PID controller
A proportional-integral-derivative controller chases a setpoint by combining three error signals. Adjust the gains and watch overshoot, oscillation, and steady-state error appear and disappear.
How a PID controller works
A PID controller is the most widely used feedback controller in engineering. It computes a control output u(t) from three terms, each responding to a different aspect of the error e(t) = setpoint − actual. The output is:
u(t) = Kp e(t) + Ki ∫ e(τ) dτ + Kd de/dt
The proportional term Kp e(t) responds to the present error. It pushes the system toward the setpoint in proportion to how far away it currently is. A high Kp gives a strong response but can cause overshoot and oscillation. A low Kp is sluggish. With proportional control alone, there is almost always a steady-state error: the system settles near the setpoint but never quite reaches it, because as the error shrinks, so does the corrective force.
The integral term: memory
The integral term Ki ∫ e(τ) dτ responds to the accumulated past error. It sums up all the error over time. If the system has been sitting below the setpoint for a while, the integral grows and pushes harder. This eliminates steady-state error — the integral keeps building until the error is truly zero. But the integral also has a dark side: integral windup. If the system is saturated or slow, the integral accumulates a large value that takes time to unwind, causing overshoot. In practice, engineers use anti-windup techniques to clamp the integral term.

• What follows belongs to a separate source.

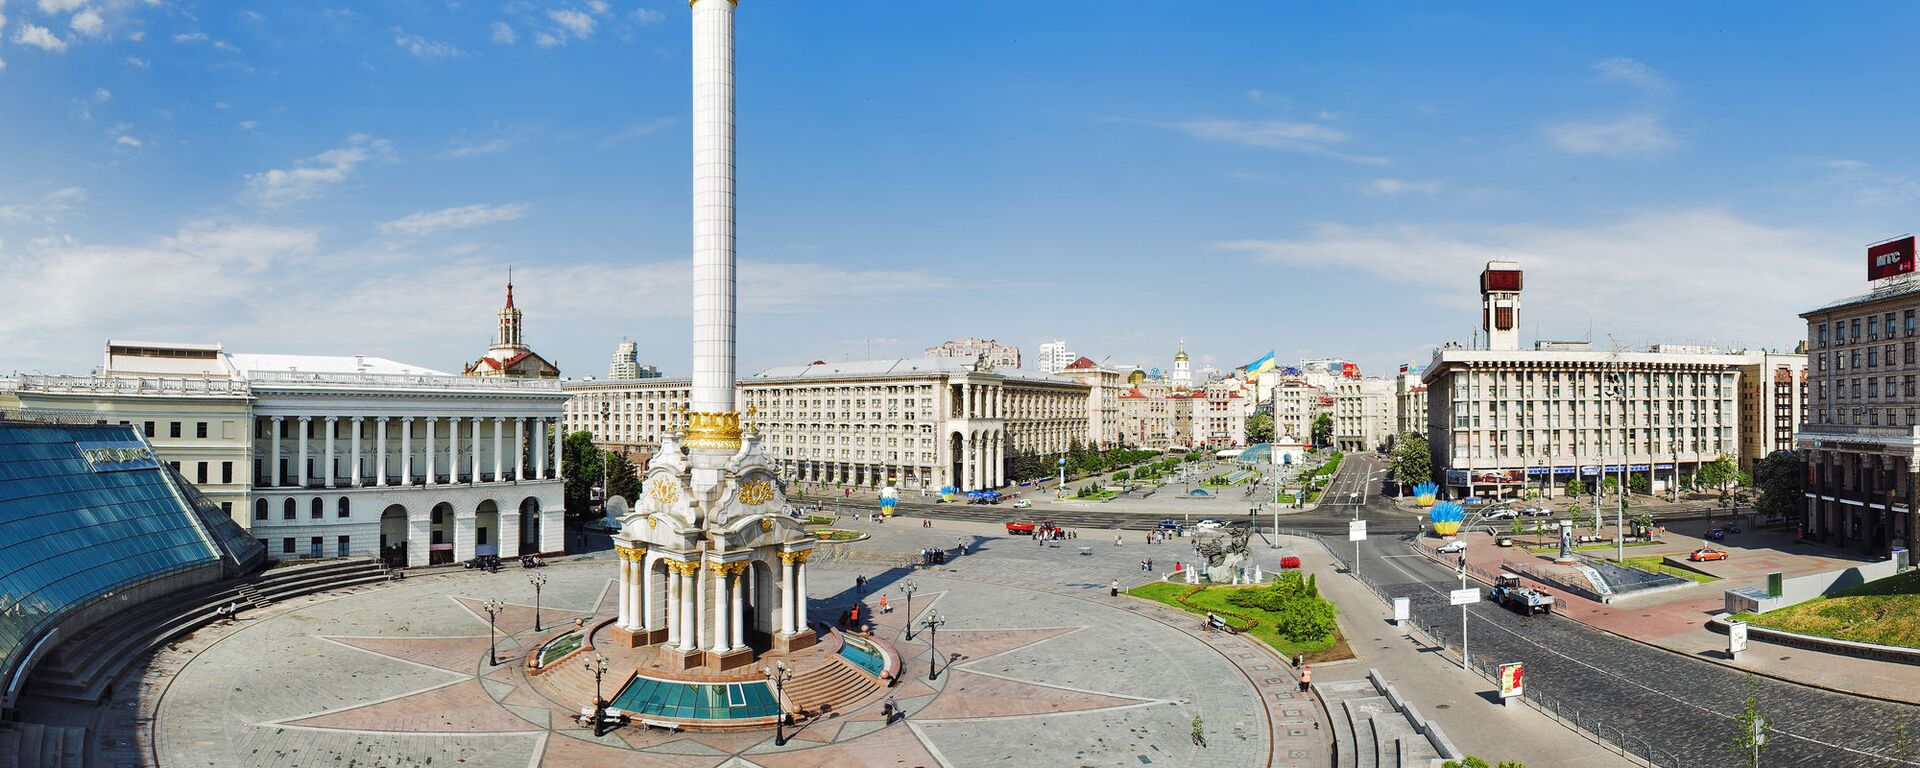 Площадь Независимости в Киеве, архивное фото - Sputnik Lietuva, 1920, 01.04.2021

The derivative term: anticipation
The derivative term Kd de/dt responds to the rate of change of the error — a prediction of the near future. If the error is shrinking rapidly, the derivative acts as a brake, reducing overshoot. If the error is growing, it adds urgency. The derivative is the damping term: it smooths out oscillations and makes the response crisper. However, derivative control is sensitive to noise — rapid fluctuations in the measurement produce large, jittery derivative values. In real systems, the derivative is typically filtered.
Tuning and trade-offs
PID tuning is the art of balancing speed, stability, and accuracy. The Ziegler-Nichols method (1942) provides initial gain values by pushing the system to the edge of oscillation: increase Kp until the system oscillates at a constant amplitude (the ultimate gain Ku), measure the ultimate period Tu, then set gains from a lookup table. Modern methods use frequency-domain analysis, optimization, or adaptive control, but the core tension remains: fast response versus smooth settling, zero steady-state error versus stability.
Where PID lives
PID controllers regulate temperature in ovens, altitude in drones, speed in cruise control, position in robotic arms, and pH in chemical reactors. The algorithm runs on everything from a microcontroller to a mainframe. Roughly 95% of all industrial control loops use PID or a variant. Its power comes not from sophistication but from generality: three knobs, and they cover an enormous range of systems. The simulation above models a second-order system (mass with damping) driven by the PID output as a force. Try the presets to see how the same system behaves under very different tuning strategies.